# Records for the task:
[Start of section]

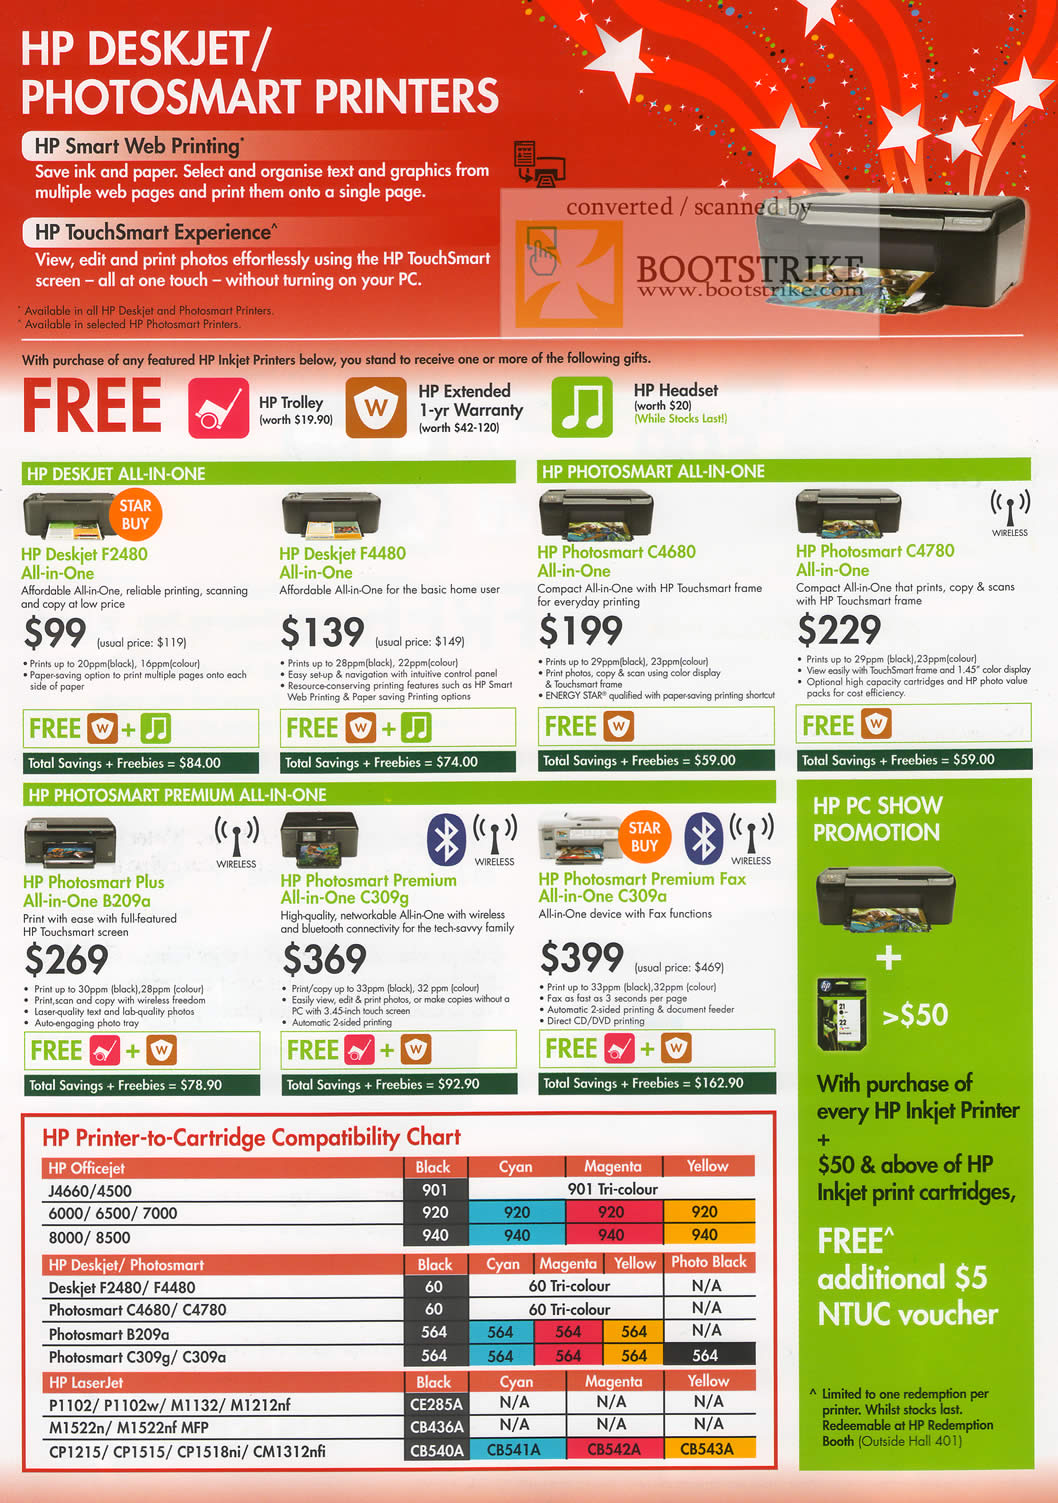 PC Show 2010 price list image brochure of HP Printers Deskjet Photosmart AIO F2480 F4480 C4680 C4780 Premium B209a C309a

[End of section]
[Start of section]

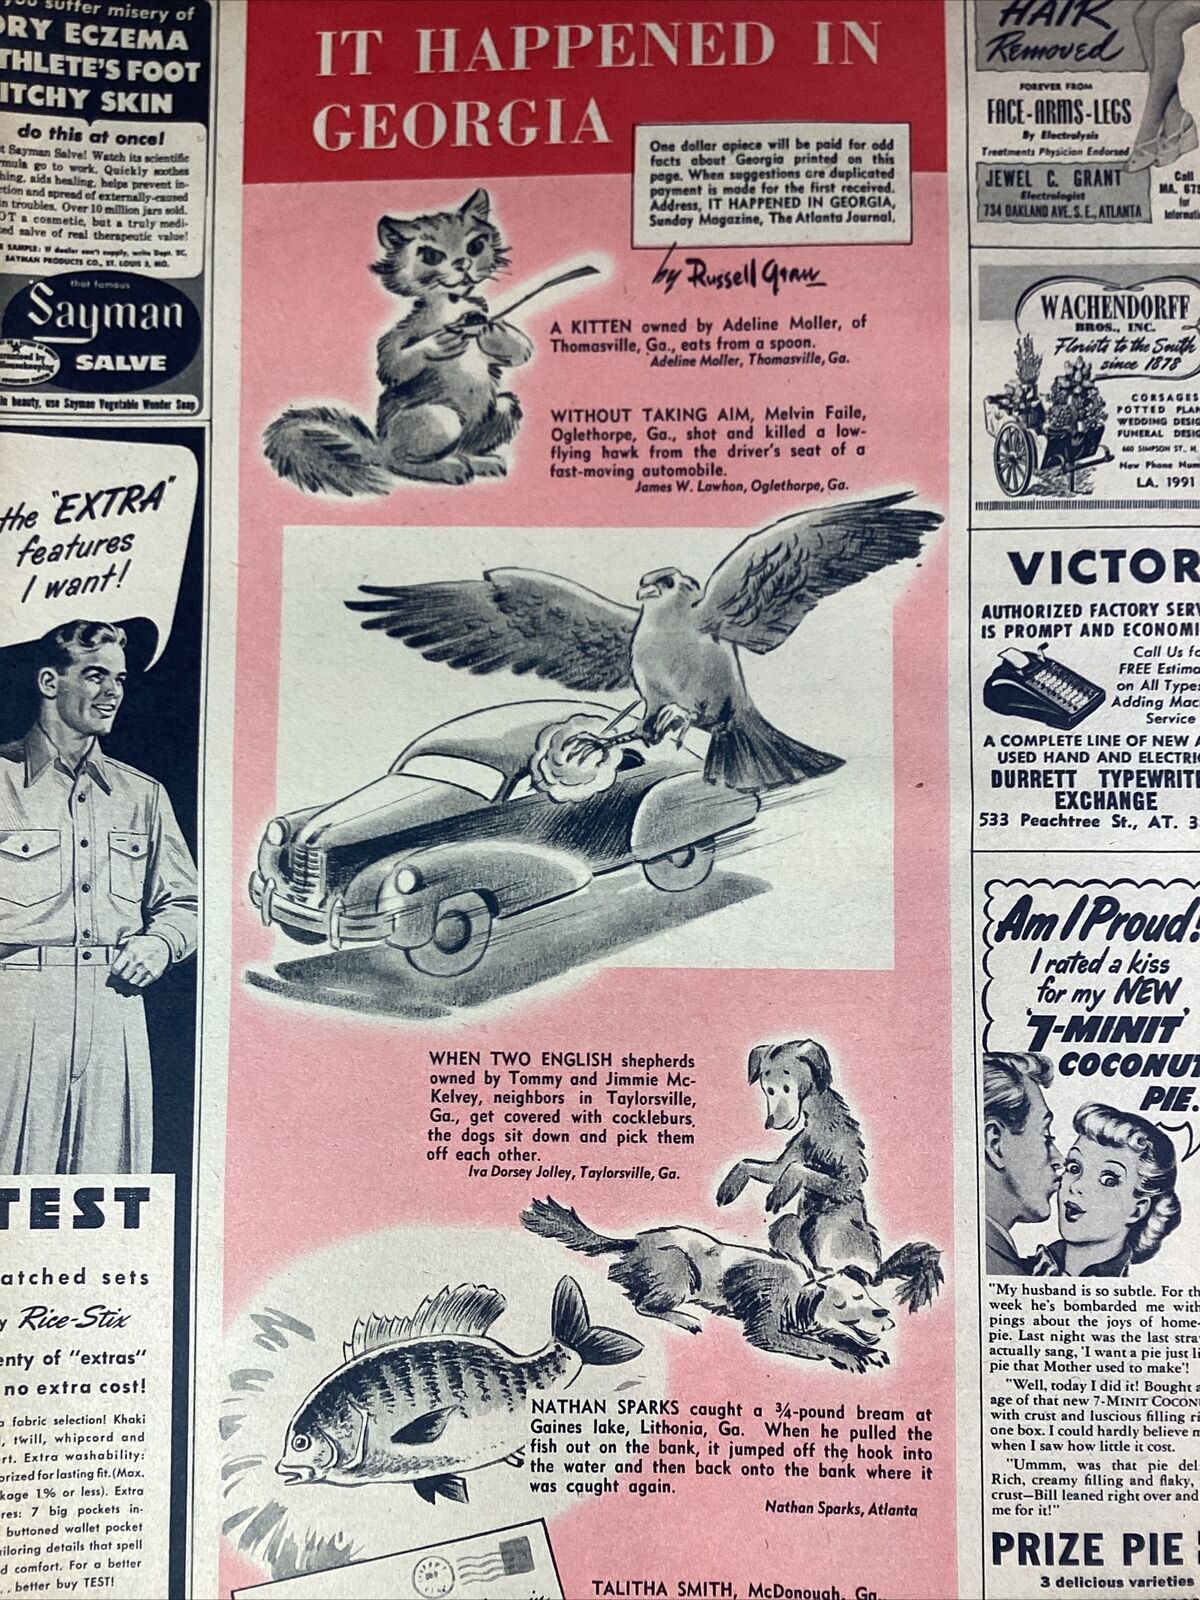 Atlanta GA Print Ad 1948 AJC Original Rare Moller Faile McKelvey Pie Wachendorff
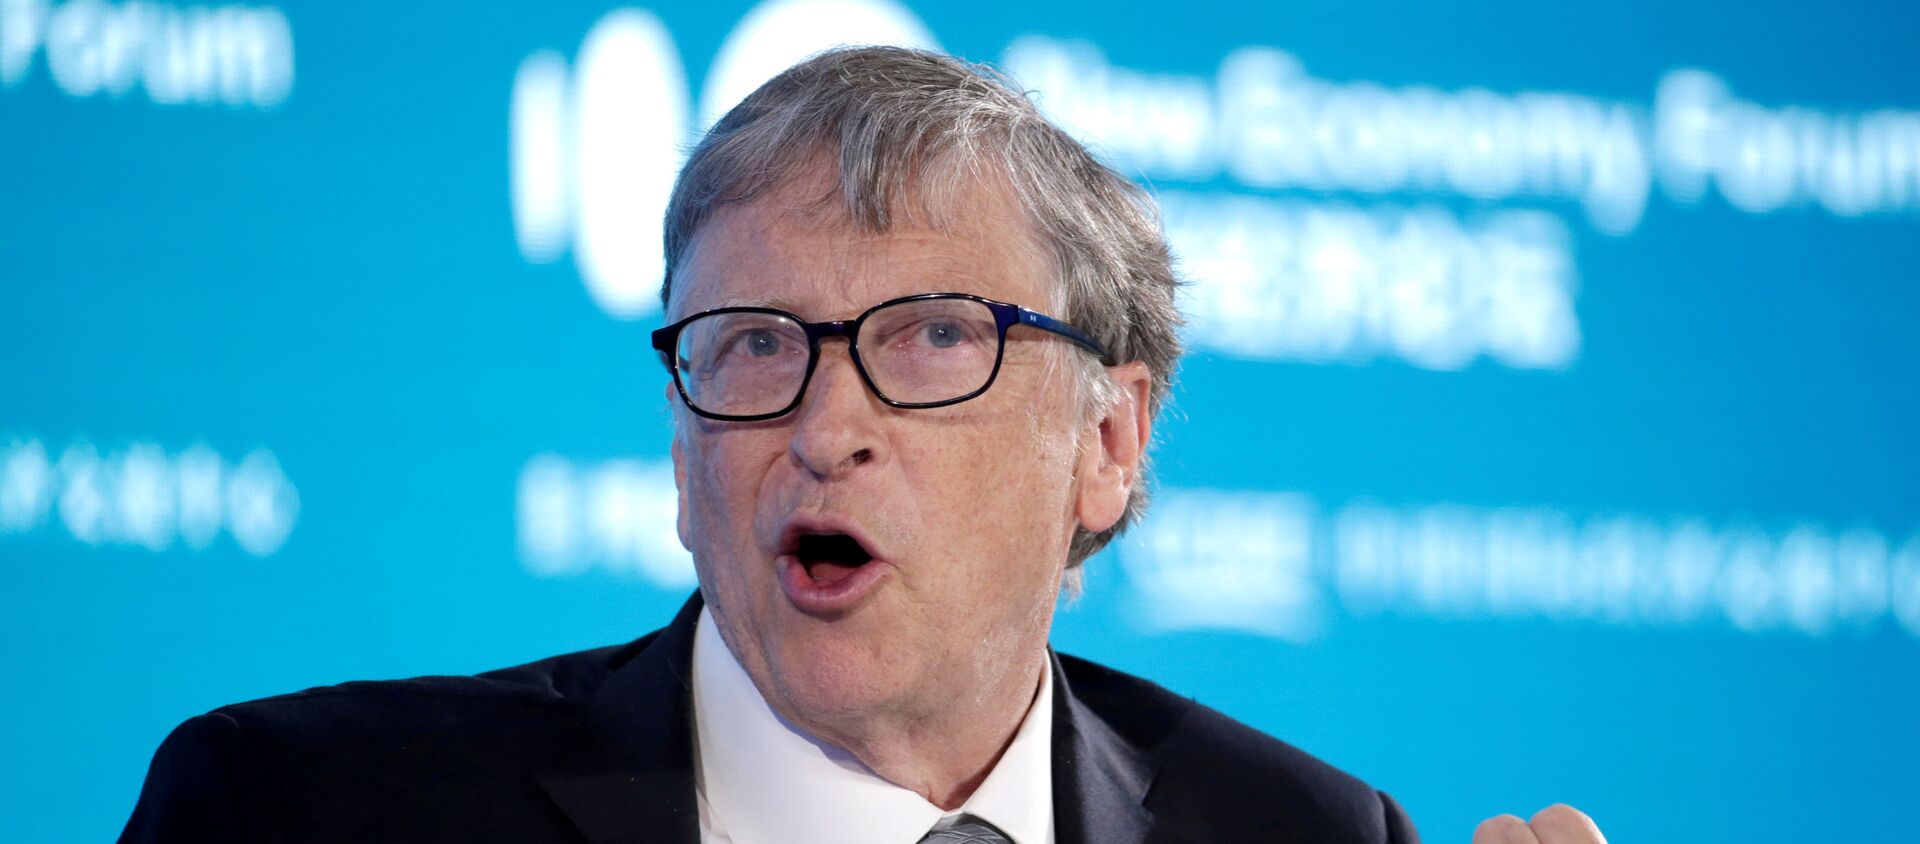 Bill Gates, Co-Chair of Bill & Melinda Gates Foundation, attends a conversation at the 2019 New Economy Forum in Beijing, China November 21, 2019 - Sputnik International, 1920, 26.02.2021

[End of section]

# Required work:
A verbatim reproduction is expected: starting at the line above that has "Atlanta GA Print", ending at the line that has "Bill Gates, Co-Chair", both included, and with no pictures and no other lines.

# Task solution:
 Atlanta GA Print Ad 1948 AJC Original Rare Moller Faile McKelvey Pie Wachendorff
 Bill Gates, Co-Chair of Bill & Melinda Gates Foundation, attends a conversation at the 2019 New Economy Forum in Beijing, China November 21, 2019 - Sputnik International, 1920, 26.02.2021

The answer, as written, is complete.